A mass moves in a circular path that has a radius of 24.6cm on a horizontal frictionaless surface. If the centripetal force acting on the mass is 96.5N, what is the kinetic energy of the mass?
r=0.246m
Fc=96.5N


Homework Equations


He told us to use these and "play around with them":
Fc=mv2/r
Ek=0.5mv2



The Attempt at a Solution


I have not a clue as to how to even begin this one. Maybe use the idea that acceleration centripetal=force centripetal(minus mass)? So use:
ac=v2/r
96.5N=v2/0.246m
v2=392m/s
v=19.8m/s

Fc=mv2/r
96.5N(0.246m)=m(19.8m/s)2
m=0.0605kg

Ek=0.5mv2
Ek=0.5(0,0605kg)(392m^2/s^2)
Ek=11.9J

Or am I completely and irrevocably lost?
 

Answers and Replies

  • #2
92
0
This has been staring me in the face for a while...

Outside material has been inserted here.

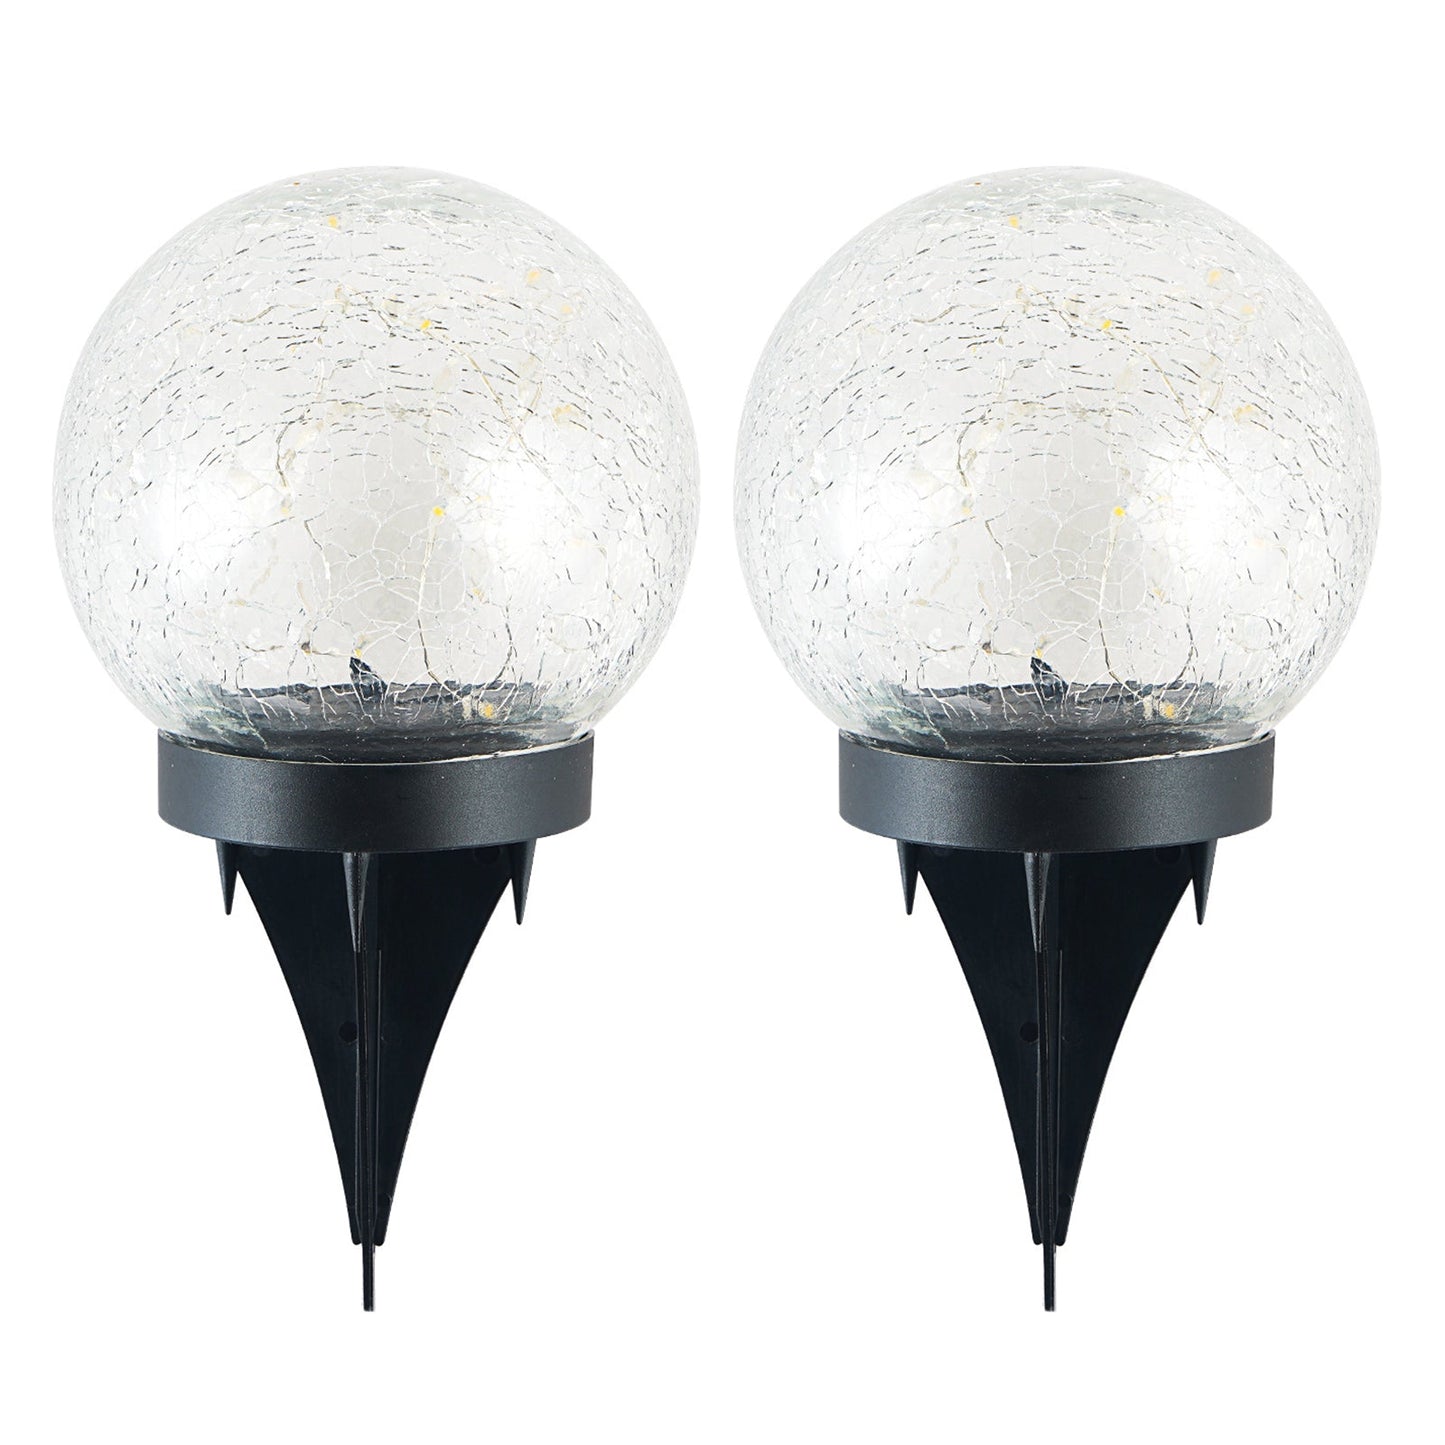 2 Piece Solar Glass Ball With Cracked Appearance

I now think I have the solution. Look at your two equations, and look what they have in common. Once you find one, you can use it to find the Kinetic Energy of that mass. Good Luck!
 
  • #3
Just to update, I got that question correct. In the solution the teacher showed us, he combined the two formulas and got the same answer.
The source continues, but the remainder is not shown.